Well, I'm not sure what the rules are in the brave new world of publishing, but after 37 books I've decided to take a spin at on-line publishing and printing.
As 2009 draws to a close I realized that I haven't had a book published this year (I had four books come out in 2008). So, a couple months ago I picked up and dusted off (figuratively—it is on my computer) Desiree, a novel, (well, really a yarn in the Old West tradition), that I started some years back. Rather than go the usual route of amassing stacks of rejection slips then formally shelving the project, I went onto lulu.com uploaded the dang thing, made a cover and uploaded that too and, bingo, there you have it. You can buy a copy of Desiree for about the cost of lunch...and it's longer lasting.

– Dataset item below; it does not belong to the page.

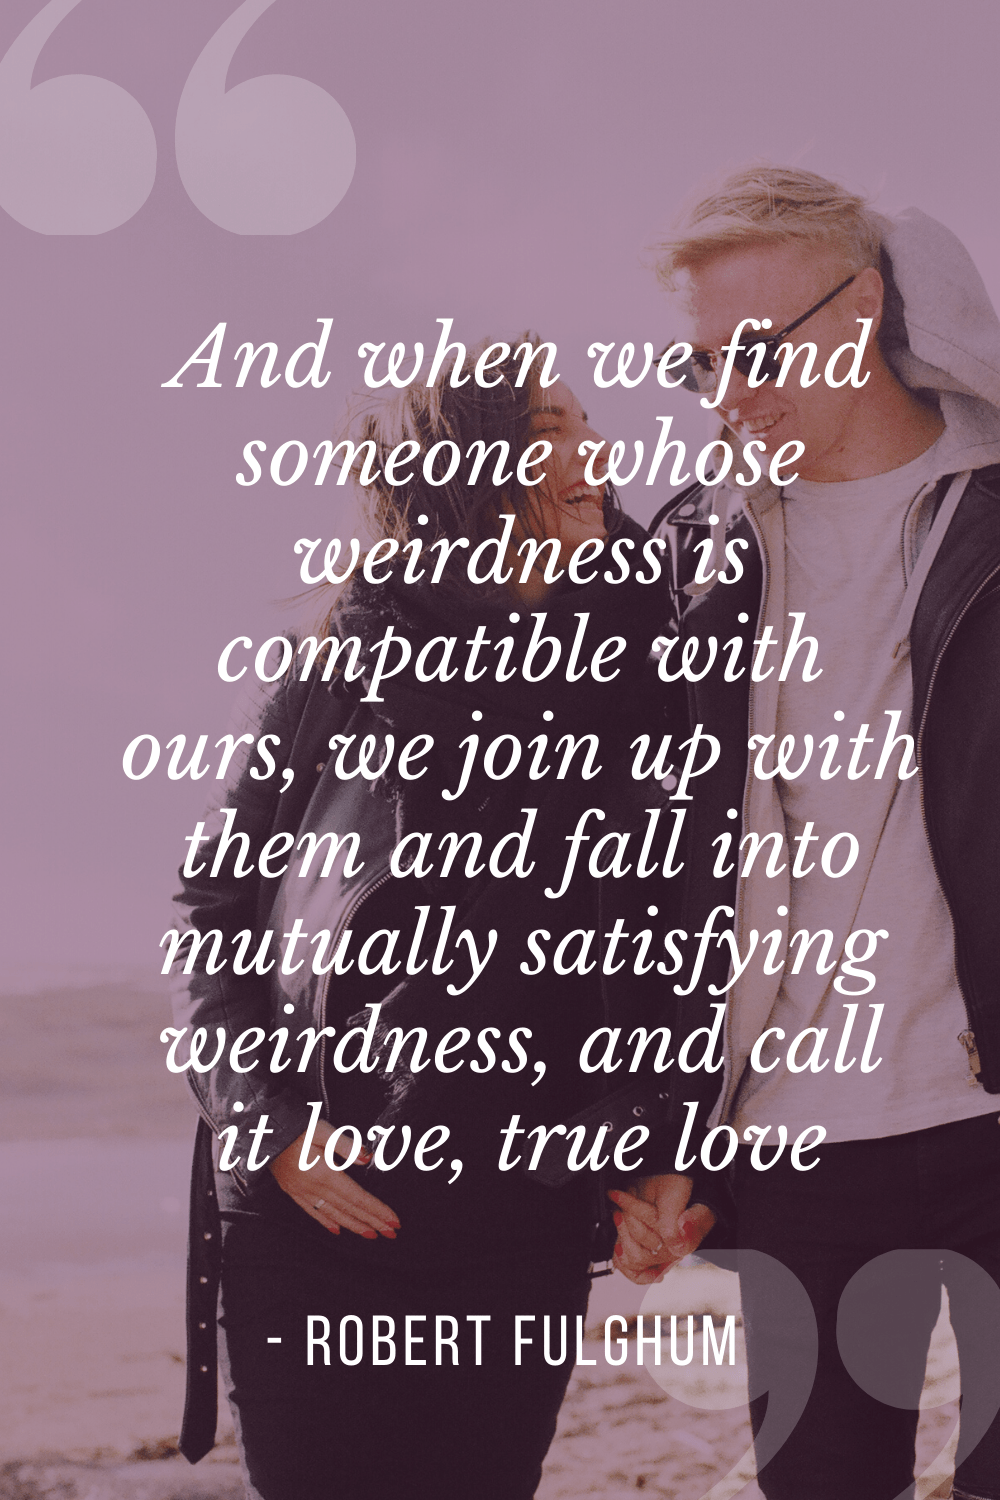 “We join up with them and fall into mutually satisfying weirdness, and call it love, true love”, Robert Fulghum

A couple of curious souls have already purchased copies of Desiree on lulu. That's ten bucks in my pocket (almost enough for lunch) Who knows, maybe a big-time publisher will see it and offer me a juicy contract. I've already started the sequel. I just couldn't let go of my characters after living with them for a few months.
Click here to view. I already got my first glowing review. It's on the back cover.
A bound copy will usually arrive in less than a week
Here's a synopsis
Desiree is a fast-paced yarn set in the desolate high desert country of Northern, Nevada. Chick Corbett returns to his cabin on a cold winter evening to find Desiree Depardieu hovering over a dead body. Soon, the body and Desiree are gone and Chick sets off in pursuit. Along the way, author Douglas Keister introduces a cast of quirky characters including Basque sheepherder Elwood LeFoote and his three-legged Border Collie named Phydeaux, Chick's best friend, Tom Twotrees a six-foot-six Paiute Indian who is a member of Mensa and Chick's Uncle Ray, who sleeps suspended like a bat. The search for Desiree takes readers to a brothel in Winnemucca, Nevada, the Burning Man Festival in the Black Rock Desert, Beijing, Hong Kong and San Francisco. What is this strange woman Desiree doing in Nevada? The answer is surprising and leads to a high-level theft involving tens of millions of dollars.